> [REQUIREMENT]: The copy must match the data word for word and contain no pictures.

> [GIVEN DATA]:
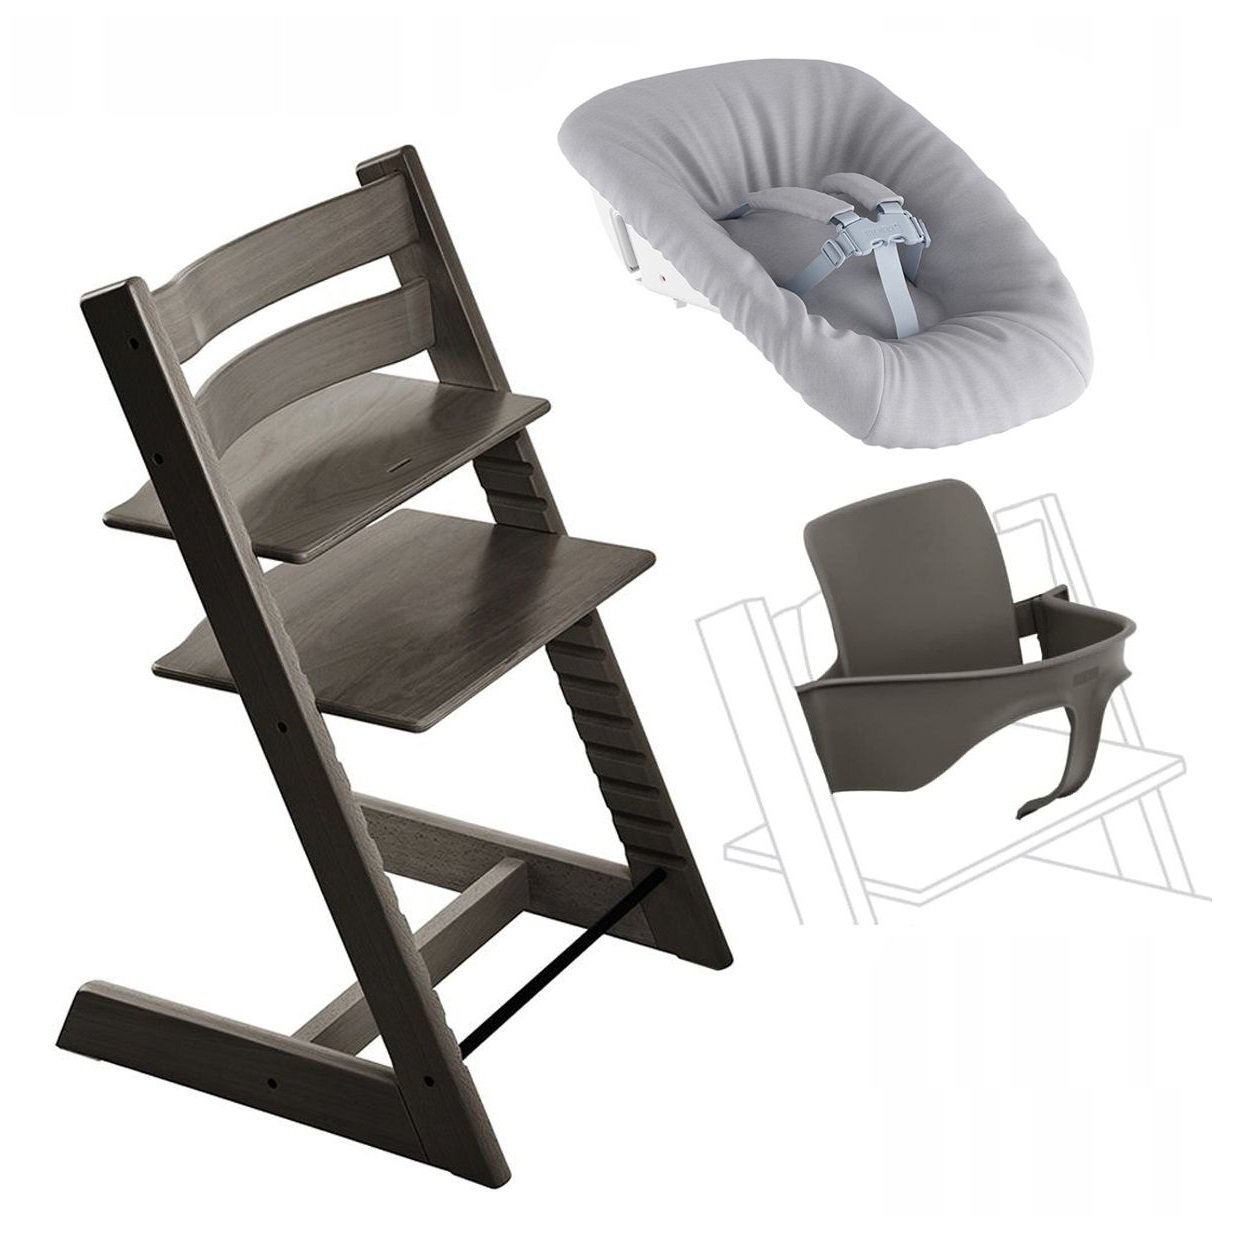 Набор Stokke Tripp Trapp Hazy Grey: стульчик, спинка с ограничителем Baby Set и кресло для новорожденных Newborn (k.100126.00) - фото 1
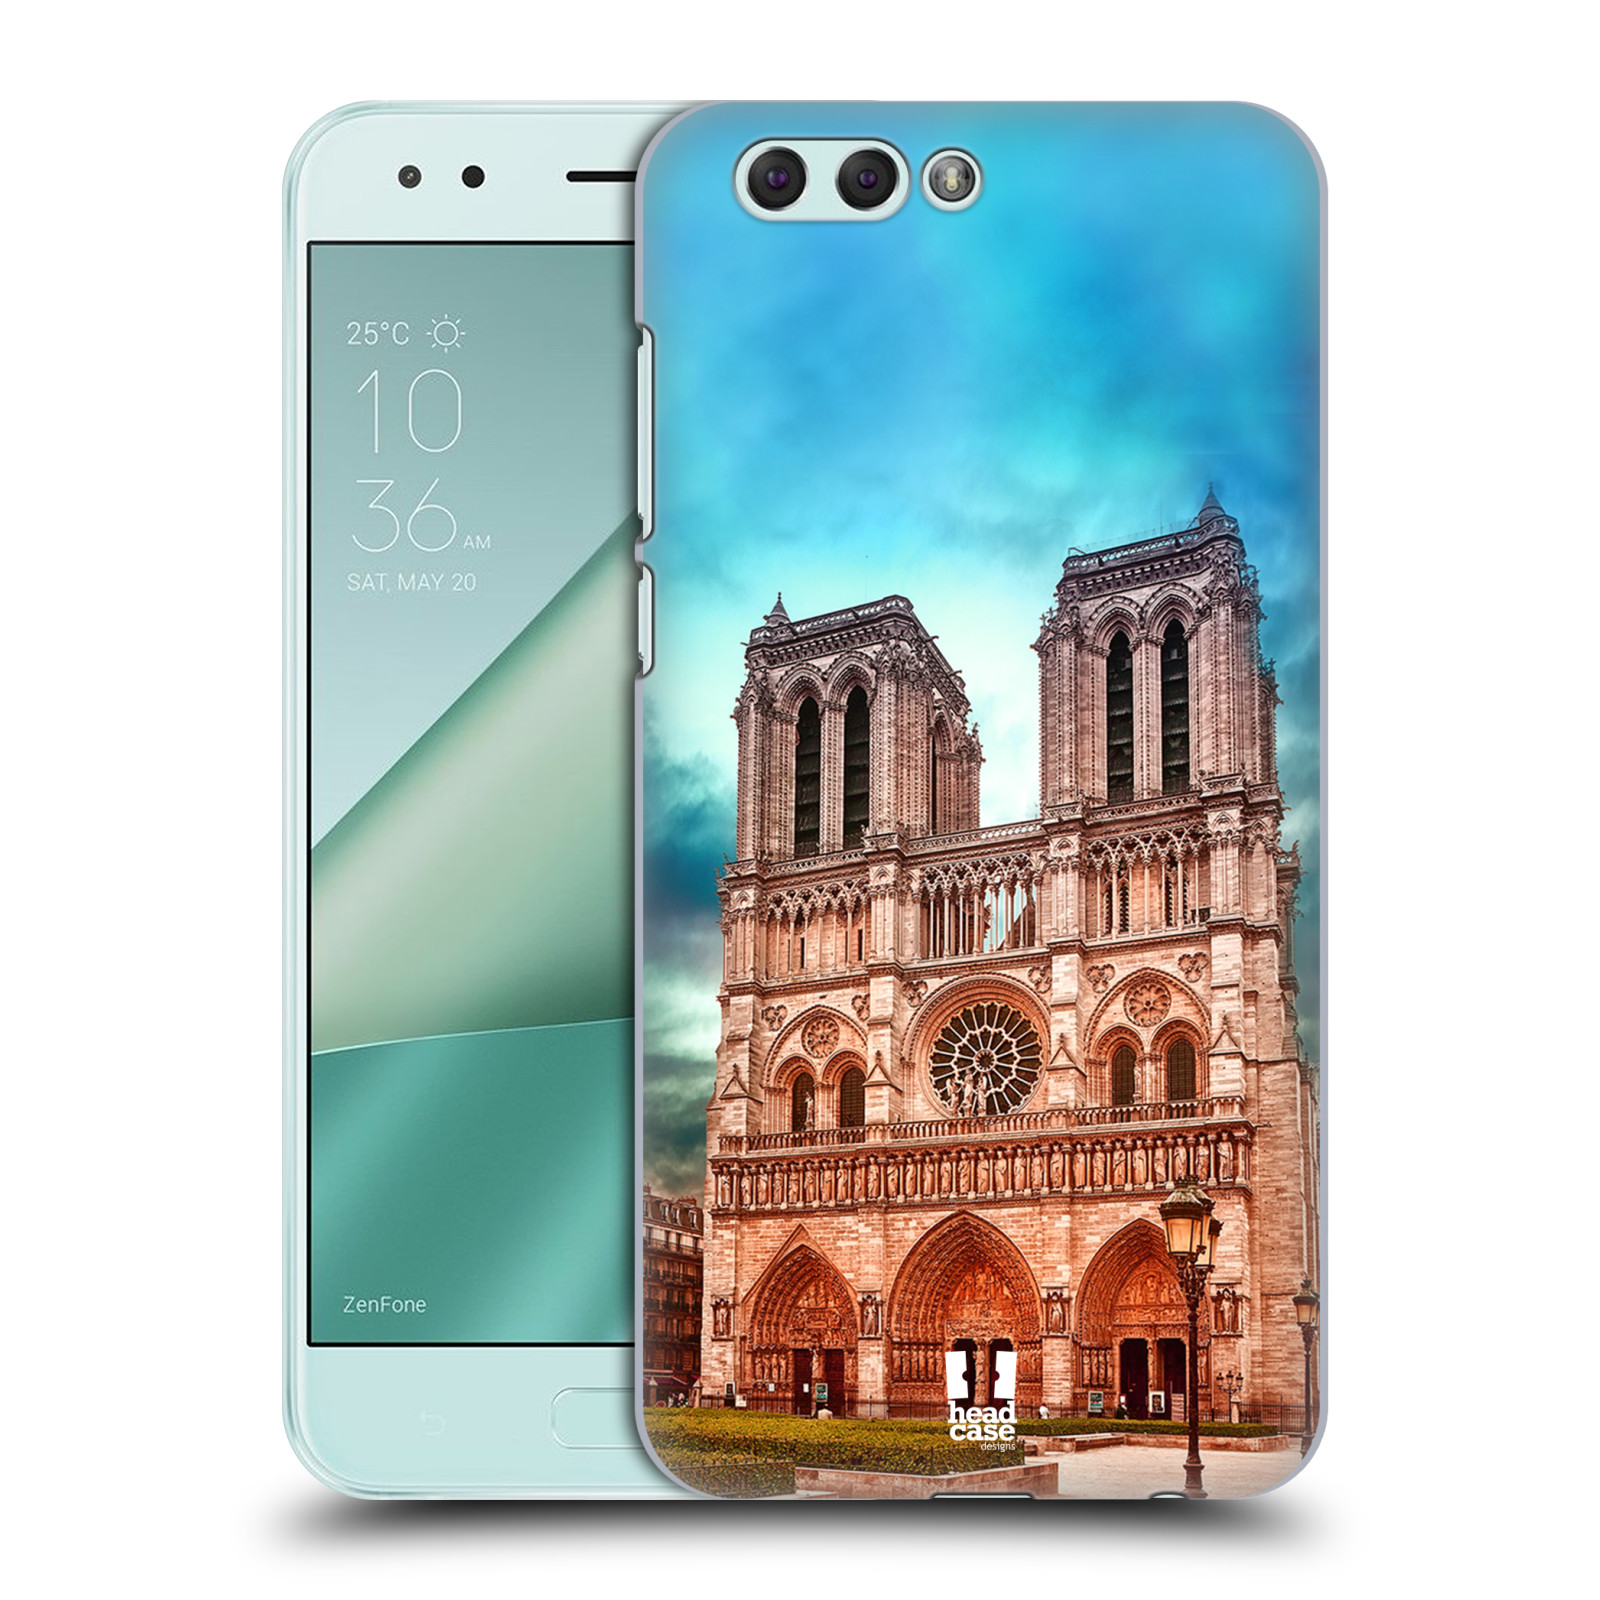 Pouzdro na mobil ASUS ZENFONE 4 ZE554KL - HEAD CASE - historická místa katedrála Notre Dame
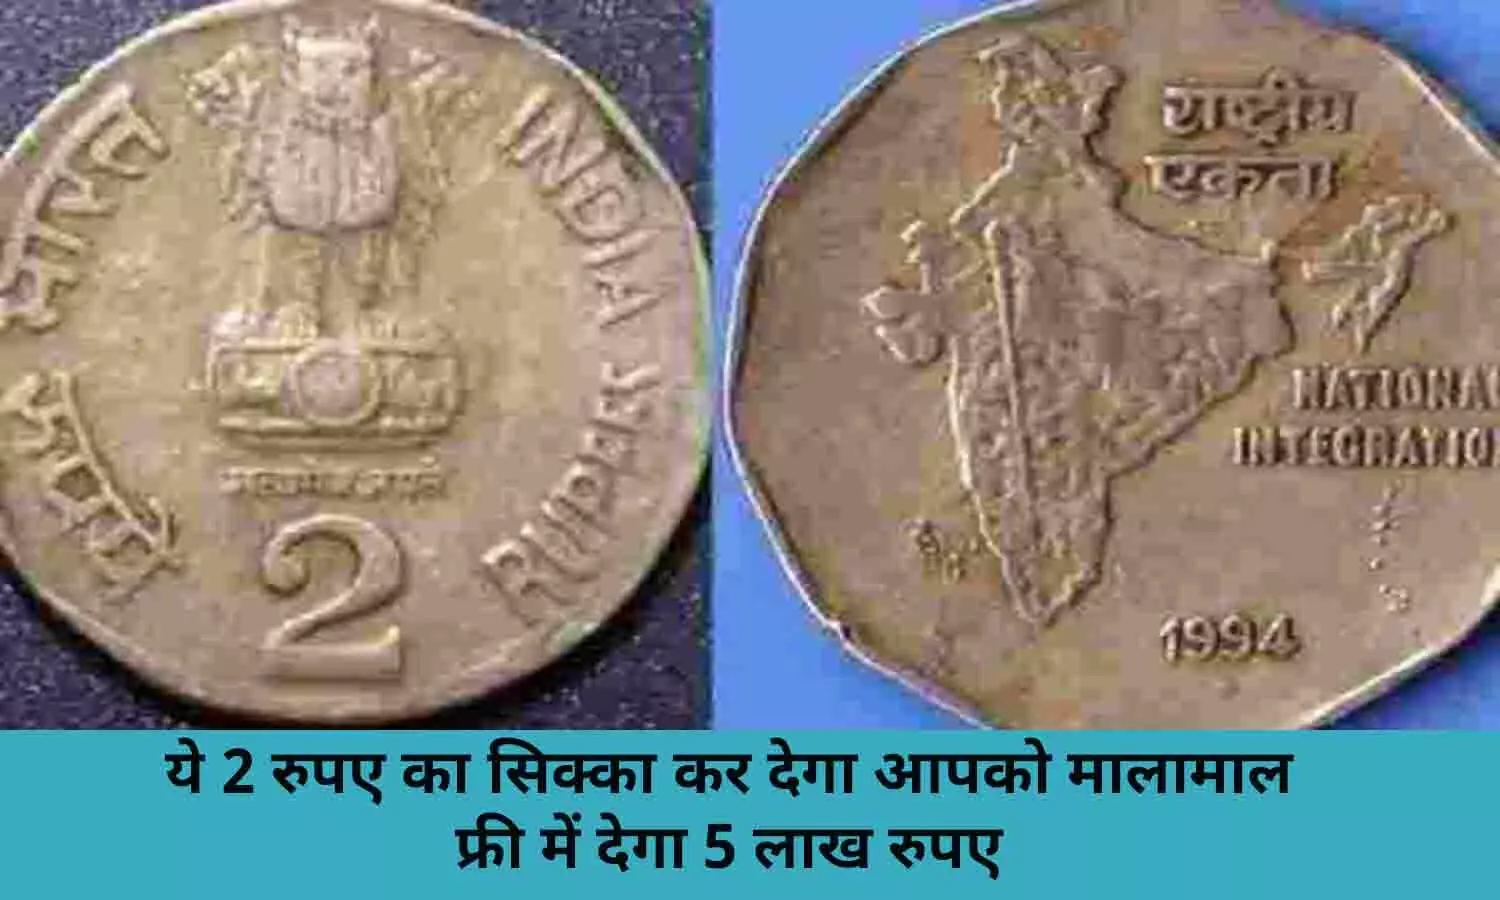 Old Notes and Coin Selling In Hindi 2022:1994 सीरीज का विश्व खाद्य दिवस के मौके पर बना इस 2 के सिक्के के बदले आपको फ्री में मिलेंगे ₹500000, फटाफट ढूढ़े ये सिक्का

> [WRITTEN ANSWER]:
 Набор Stokke Tripp Trapp Hazy Grey: стульчик, спинка с ограничителем Baby Set и кресло для новорожденных Newborn (k.100126.00) - фото 1
 Pouzdro na mobil ASUS ZENFONE 4 ZE554KL - HEAD CASE - historická místa katedrála Notre Dame
 Old Notes and Coin Selling In Hindi 2022:1994 सीरीज का विश्व खाद्य दिवस के मौके पर बना इस 2 के सिक्के के बदले आपको फ्री में मिलेंगे ₹500000, फटाफट ढूढ़े ये सिक्का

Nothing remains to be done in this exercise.